Molly really enjoyed the experience as well. She gives it sixty hundred moons out of July 26. She thought it was a little long for most kids her age and would suggest an abridged version that just has Bombur shooting a goblin while Bilbo laid down in the background. But the story has been a major part of mine and Molly's life and routine over the past month. And she's very excited to have furry feet for Halloween as she's decided to go as Bilbo Baggins.

Thursday, October 7, 2010

Alpha and Omega

Alpha and Omega.


I just took my four year old daughter to a movie all about wolves fucking.

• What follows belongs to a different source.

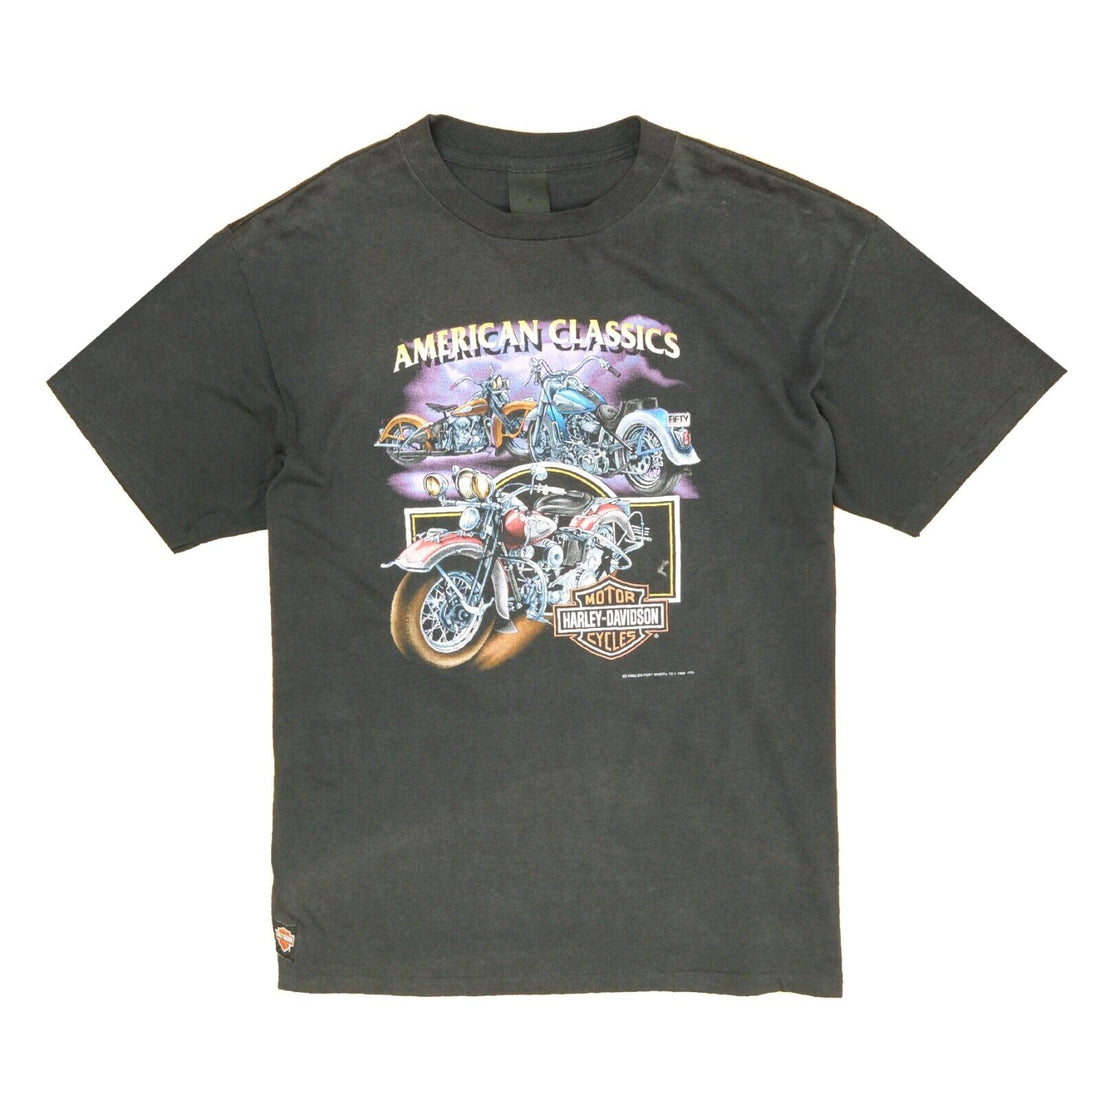 Vintage Harley Davidson 3D Emblem American Classics T-Shirt Size XL 1992 90s

The movie, at least, had the courtesy of giving the most thinly veiled metaphor for sex that I have ever seen. But it was a very weak one and there was no mistaking it. Here's a prime example of a scene in the movie: The male wolves each pair off with the female wolves to Howling Rock, where they howl with one another in the night. The young omega has a crush on the female alpha and says, "Man, I wish I could howl with her." Then as the older wolves return from Howling Rock, one of the wolf females coyly asks her mate, "Was the howling good for you as well?"

So, howling = fucking.

Just in cast that is a little difficult to follow, I'll parse the metaphor for the remainder of the review:

So, basically, the story revolves around a young male omega wolf who has a childhood friend and crush of a female alpha. Apparently, however, the rules of the pack are that the role of the omega is to be comic relief for the pack (seriously) and the alphas hunt and protect the pack. However, rules and tradition forbid omegas and alphas from howling together fucking.

The young cubs are separated for a winter as the young alpha goes to alpha school to learn how to... um... alpha. There are no improv comedy classes for the omegas, however. They just hang around and goof off and crack jokes and ogle the female wolves and talk about how much they want to howl with fuck them.

In spring, the alpha female returns and the omega male sees her and is smitten all over again. He confides in his omega friends how much he wants to howl with fuck his old childhood friend since she's matured. They tell him that he is crazy and that he'll never get to howl with fuck a beautiful alpha girl like her.

Anyhow, there is apparently a food shortage in the valley and the wolf packs are on the verge of starvation. This is despite the fact that there are enough caribou that rush through the valley and almost stampede the hunting pack to death. But anyhow, with the threat of starvation, there is a decision to "unite the packs" and have the male alpha of the east pack howl with fuck the female alpha of the west pack so they can join as one big pack.

Even though the female alpha does sort of have feelings for her omega childhood friend, she knows her role and decides to go to Howling Fucking Rock with the other pack's alpha to howl with fuck him to join the tribes. Besides, he's strong and powerful and handsome, so she realizes that it could be worse and isn't too distraught about her duty.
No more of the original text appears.